Par Mamadou Sèye
A l’occasion de la prière de la Tabaski à Thiès, un imam a tenu un sermon remarqué, dans lequel il affirmait que « la richesse est devenue un problème dans ce pays », que « tout se passe comme si l’on appelait à la pauvreté », et qu’« il n’existe aucune politique d’emplois ».
Un tel propos, énoncé depuis la chaire, mérite qu’on s’y attarde. Non pour engager une querelle avec un homme de foi, mais parce qu’il traduit, au-delà des apparences, une certaine fatigue morale — ou peut-être une frustration plus personnelle.
Posons les choses avec clarté : qui, dans ce pays, s’oppose à la richesse ? Personne.
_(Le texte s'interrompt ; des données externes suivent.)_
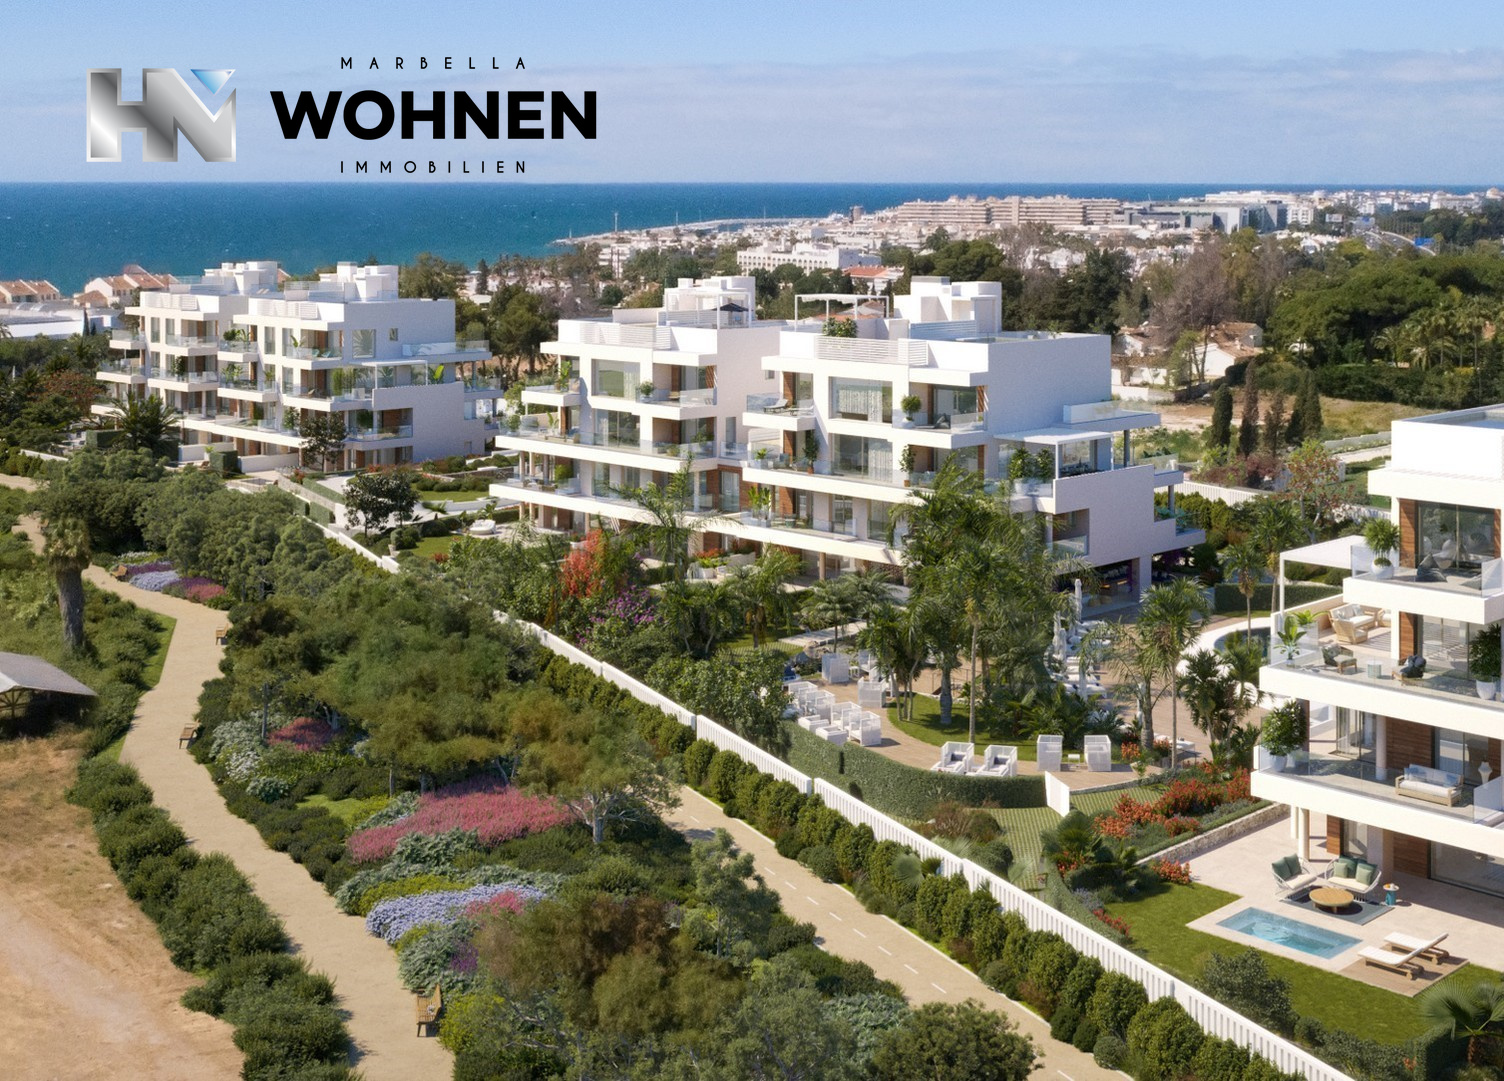 IMMOBILIEN – MARBELLA WOHNEN – Träumen Sie mit Ihrer Luxusimmobilie in Marbella
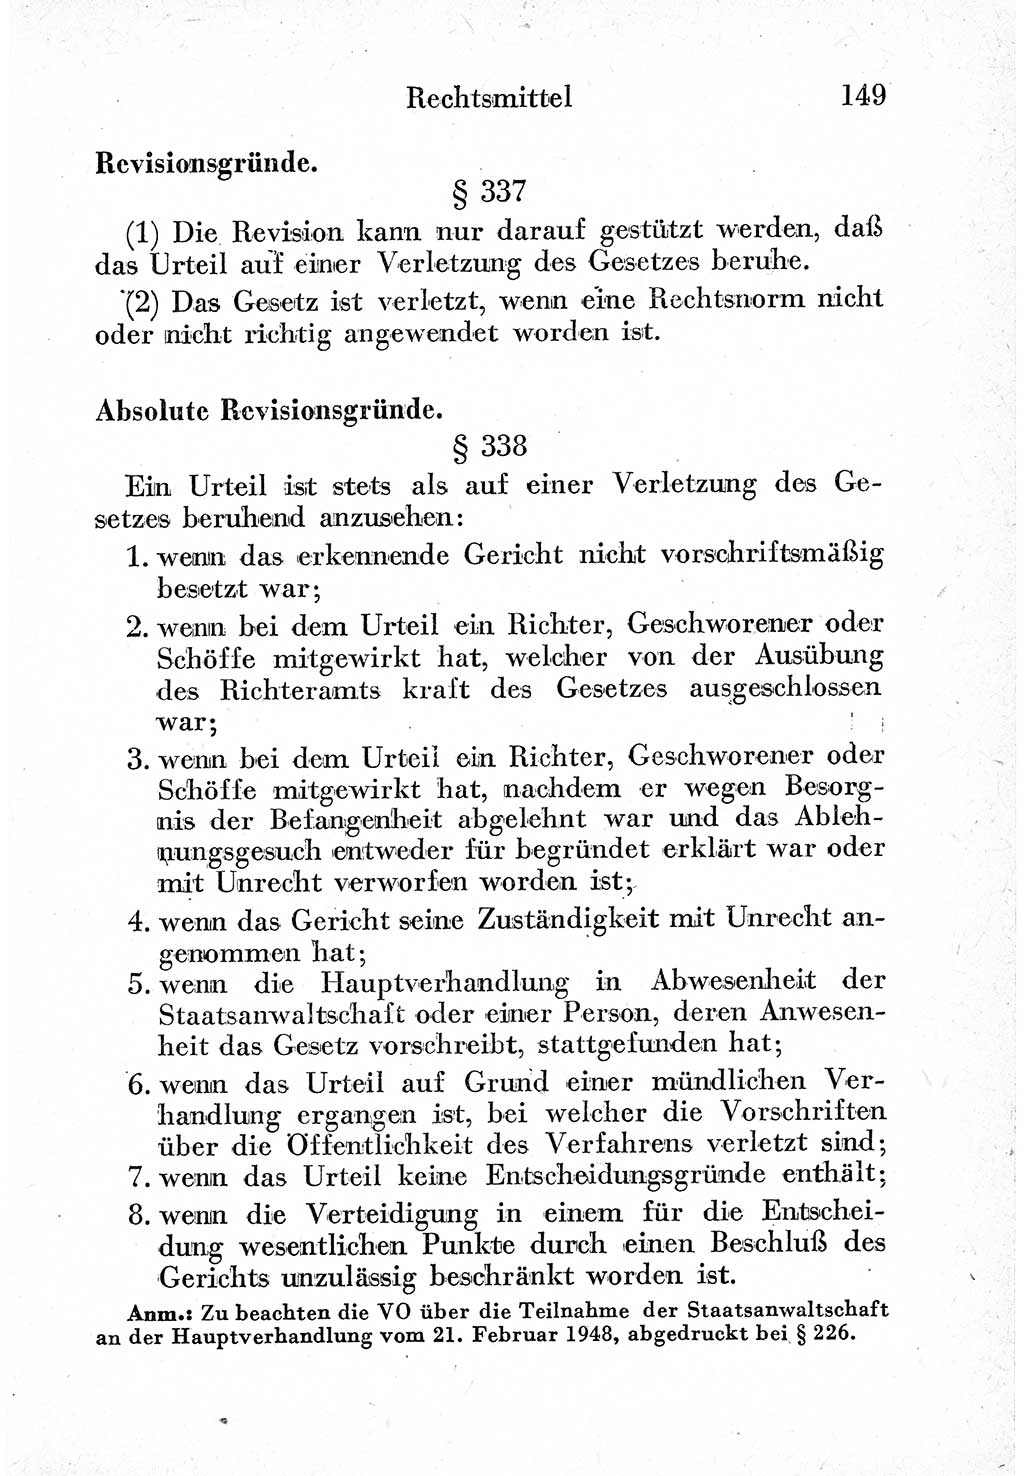 Strafprozeßordnung (StPO), Gerichtsverfassungsgesetz (GVG) und zahlreiche Nebengesetze der sowjetischen Besatzungszone (SBZ) in Deutschland 1949, Seite 149 (StPO GVG Ges. SBZ Dtl. 1949, S. 149)

La société sénégalaise n’a jamais rejeté la réussite, ni la prospérité acquise dans la transparence, ni la richesse qui découle du travail, de l’innovation, ou de l’audace entrepreneuriale. Ce qui fait débat — et à juste titre — c’est l’enrichissement sans cause, le privilège sans effort, l’opulence sans mérite.
Oui, il existe des milliardaires dans tous les pays. Mais dans les économies sérieuses, ces fortunes sont bâties sur l’investissement, le travail productif et la contribution fiscale. Elles ne naissent ni dans les zones grises de la dépense publique, ni à l’ombre des faveurs politiques.
Le glissement du discours de cet imam est frappant. Ce qui se présente comme une dénonciation morale du système économique s’apparente, en creux, à un regret : celui d’une époque où certaines proximités permettaient d’accéder à des avantages aujourd’hui moins accessibles. Certains prêches, sous couvert de parler au nom des pauvres, trahissent d’abord les amertumes de ceux qui se sentent écartés.
Le débat sur l’emploi, sur l’exclusion, sur la justice sociale est non seulement légitime, il est urgent. Mais la chaire ne doit pas devenir le théâtre des frustrations déguisées. L’autorité spirituelle ne saurait se confondre avec une rhétorique de ressentiment.
La pauvreté ne se combat ni par la plainte ni par la nostalgie. Elle se combat par une réforme sérieuse de nos politiques publiques, une meilleure éthique de gestion, et une mobilisation de toutes les énergies constructives — y compris celles de nos leaders religieux, quand ils décident de s’élever au-dessus de la mêlée.